======== Dataset content

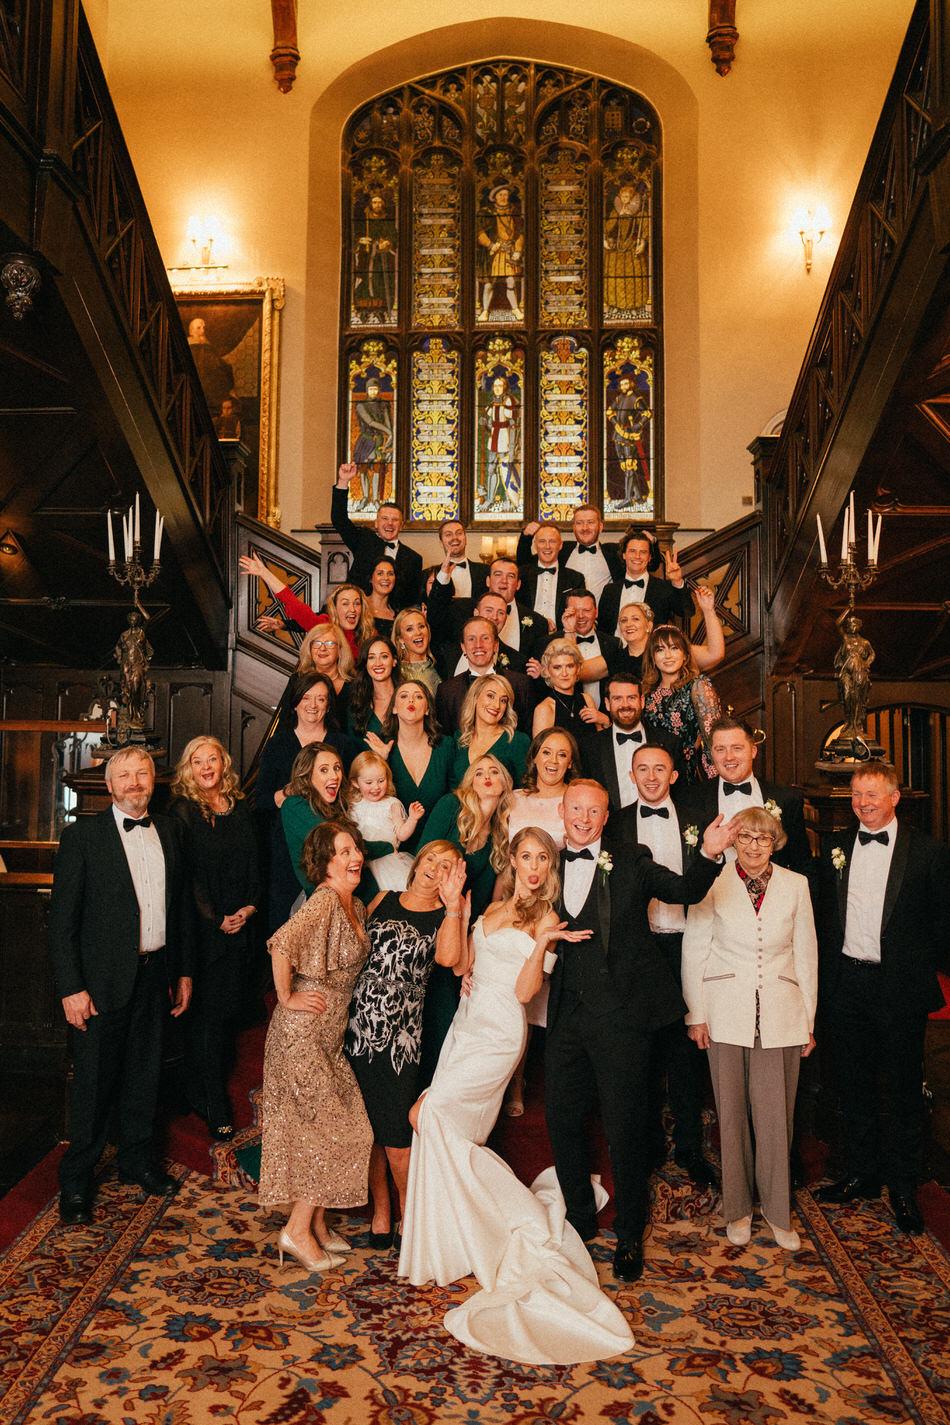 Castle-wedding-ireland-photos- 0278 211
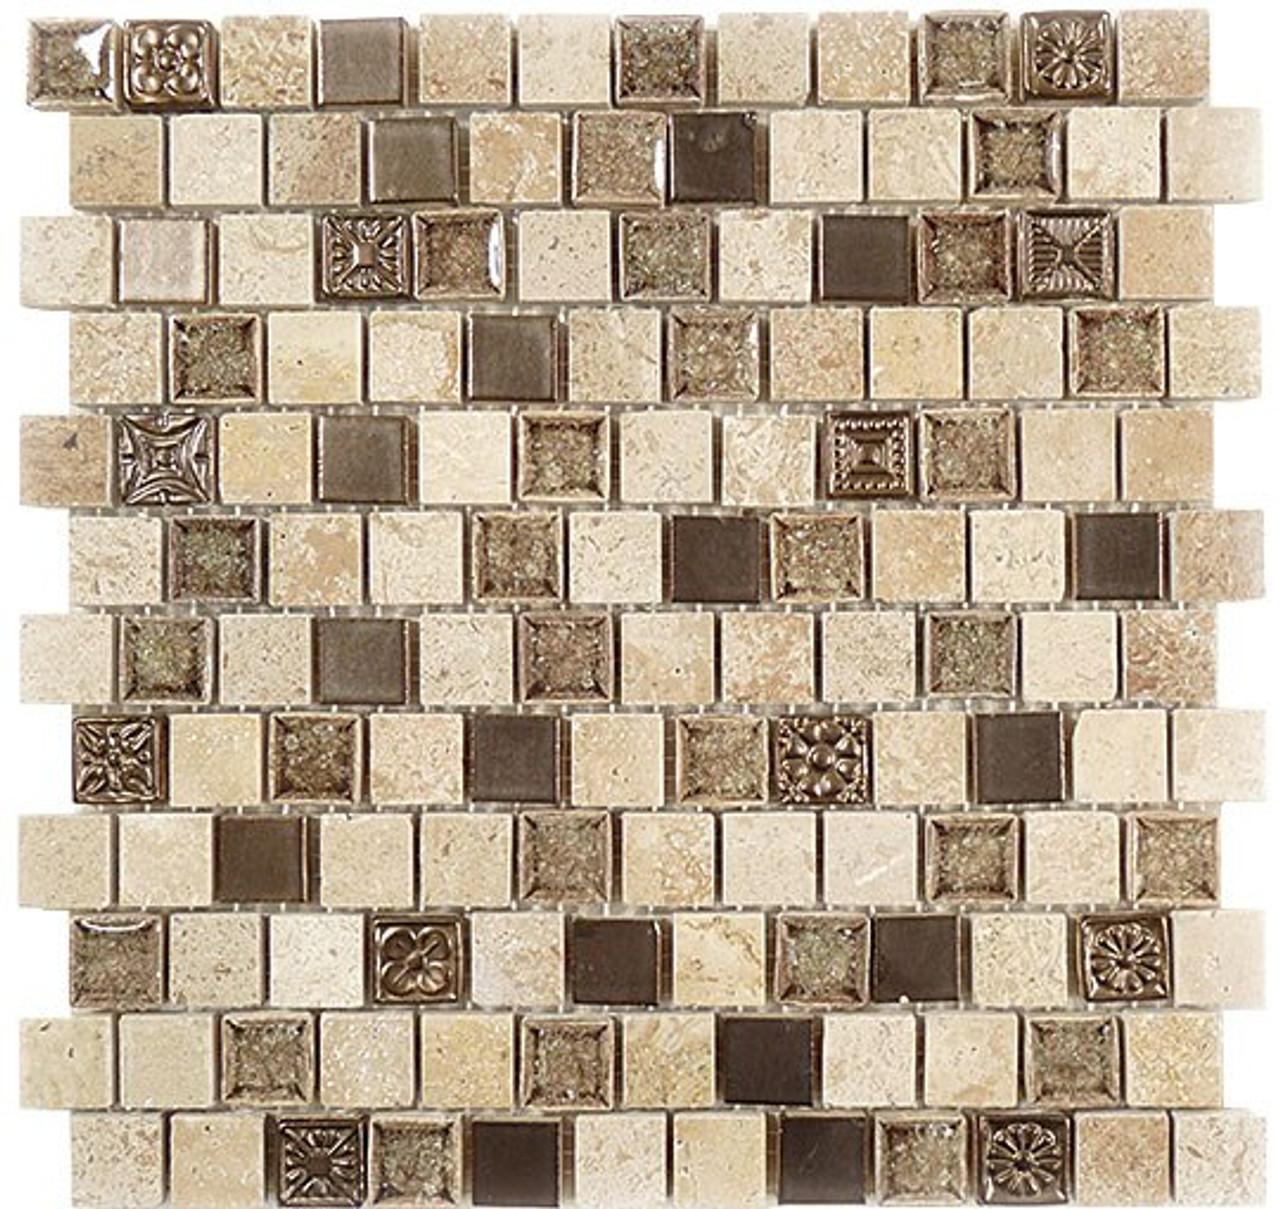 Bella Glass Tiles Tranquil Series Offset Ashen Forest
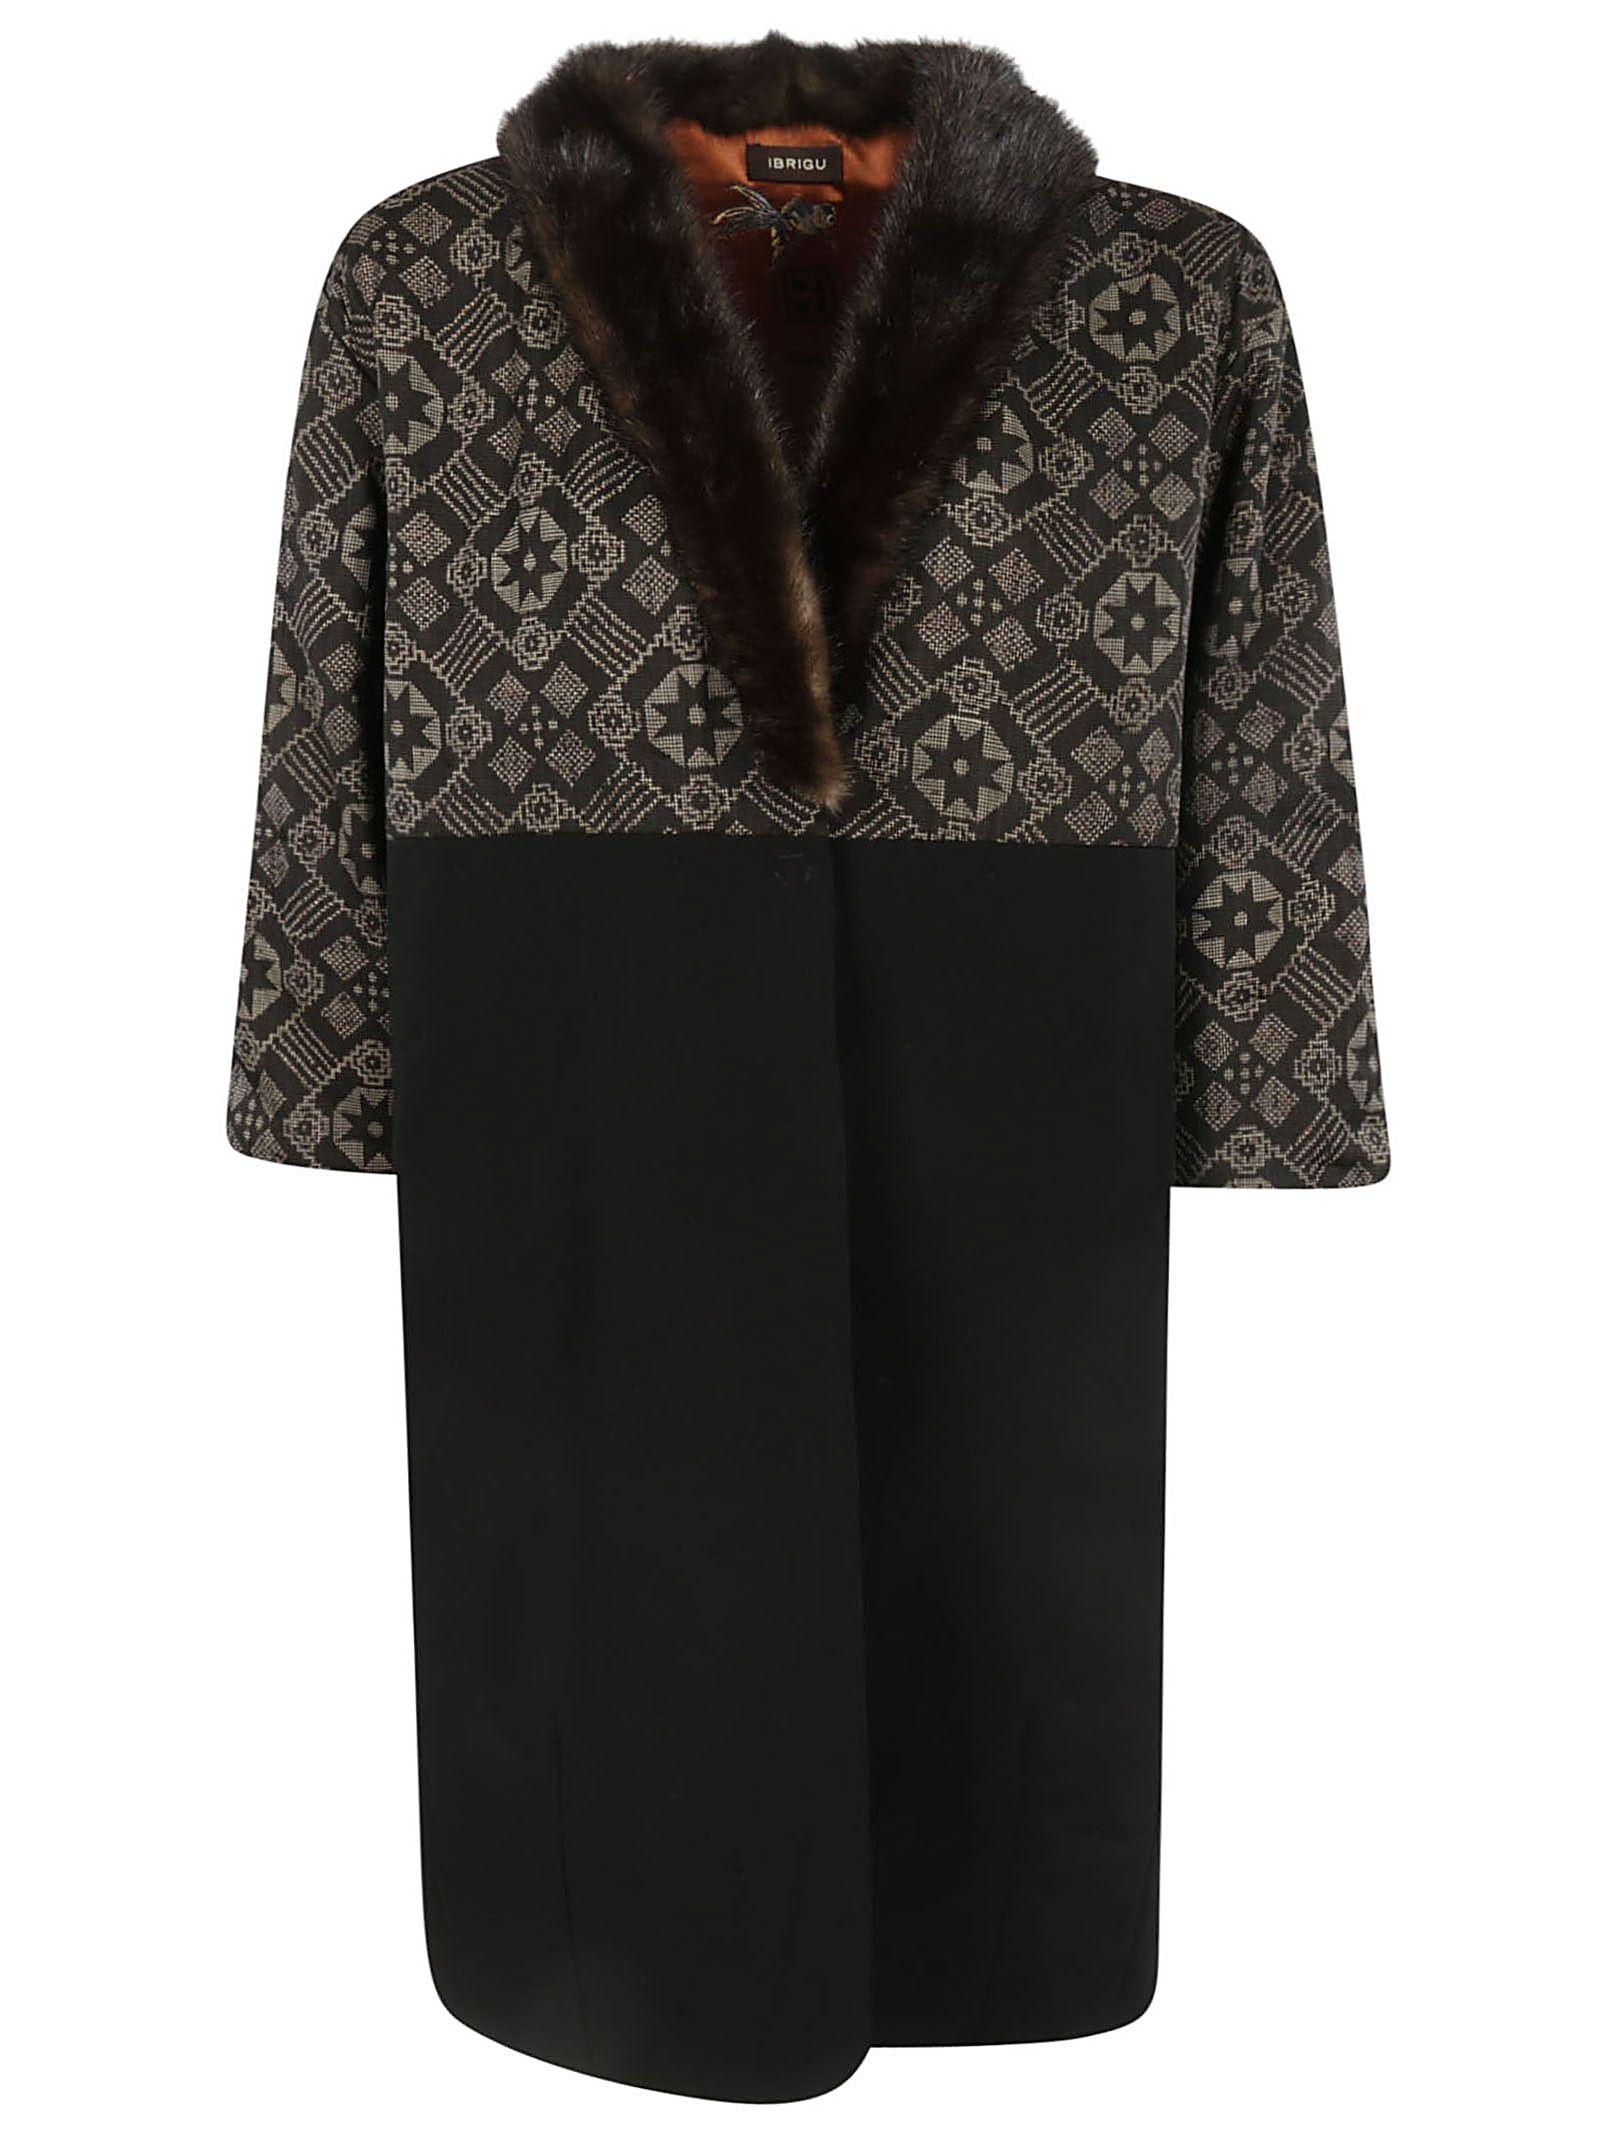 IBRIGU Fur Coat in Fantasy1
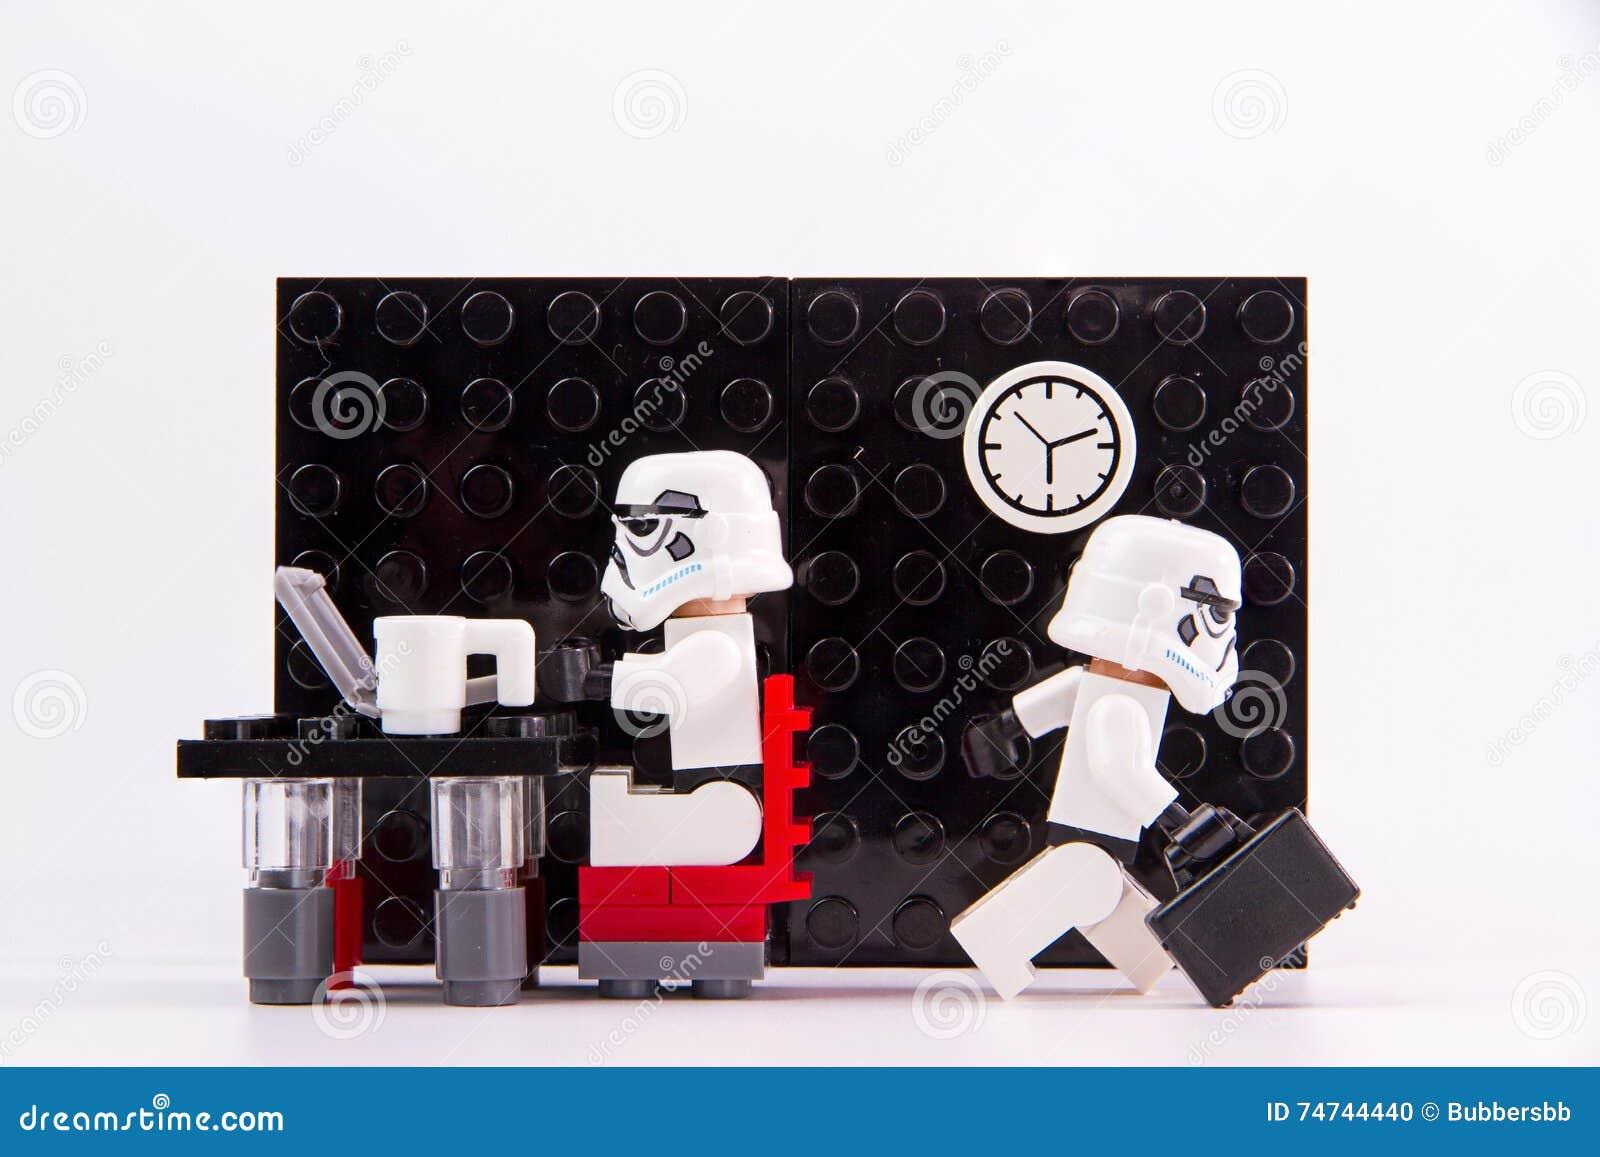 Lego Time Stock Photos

================

## What you should do
Would you restate word for word each line from the one that holds "IBRIGU Fur Coat in Fantasy1" to the end of the material, both ends included, without the pictures?

## Output below
 IBRIGU Fur Coat in Fantasy1
 Lego Time Stock Photos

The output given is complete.